Today…was….playa (beach) day!!!! Except, for the first time in my time in Spain, it was overcast and chilly. Nonetheless, we all met up at Santa Justa, the train station; all 11 of us...plus my HUGE, wonderful, skin cancer-preventing, glorious, beast of a hat (or sombrero if you will). We took the train for an hour and a half to Santa Maria, a small town near Cadiz where the beaches were supposed to be great. It was still pretty crappy weather when we got off the train, but on we trudged to try to find the beach. Instead, we found the town which was super cute and then the office of tourism which was overwhelmed by the sudden Amercanness 11 college students can produce. We took the bus to the beach…and I must say it was quite glorious. White sand, lots of little tiki type huts, ice cream vendors, and mucha gente (people). We set up shop and proceeded to indulge in the wonderful relaxation that is the beach. Later, we indulged in helado…mmmmmm……… My senora packed me a bocadillo (sandwich) which was this tortilla Espanola, like an omelety type creation with turkey pieces in it. And a Coca-Cola, which is just amazing here…I still don’t understand why they use corn syrup in the states, every drink tastes soooooo much better here. As does the fruit, which I eat daily, after each meal.

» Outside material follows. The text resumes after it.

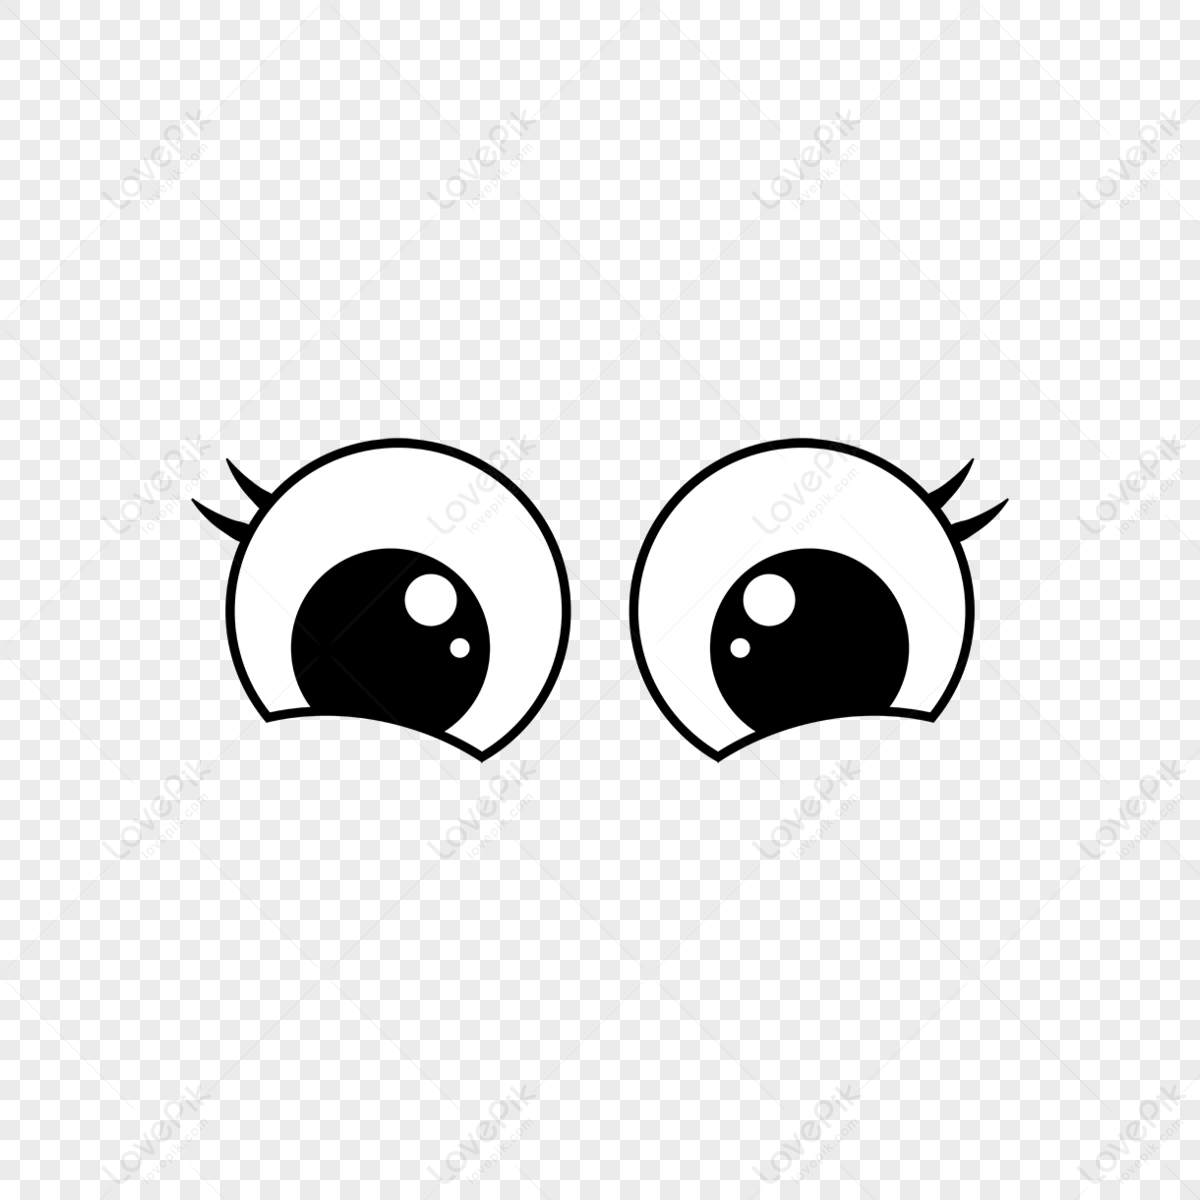 Cartoon cute round eyes material eyes clipart anime eyes,cartoon animal,eyeball png transparent background

Today senora and I talked about healthcare in Spain, which has a mix of socialized medicine and private practice. She likes it a lot because everyone obviously gets some sort of healthcare coverage, however, it’s not the best in the world like in America, which boasts the best healthcare that most people cannot afford.

She also mentioned that one of the girls who lived here before me was a rich chick from Bel Air whose dad is CEO of some ice cream chain. Juan elaborated that all of her bags and luggage were Louis Vuitton and her clothes Christian Dior. But apparently she was nice enough because they liked her a lot.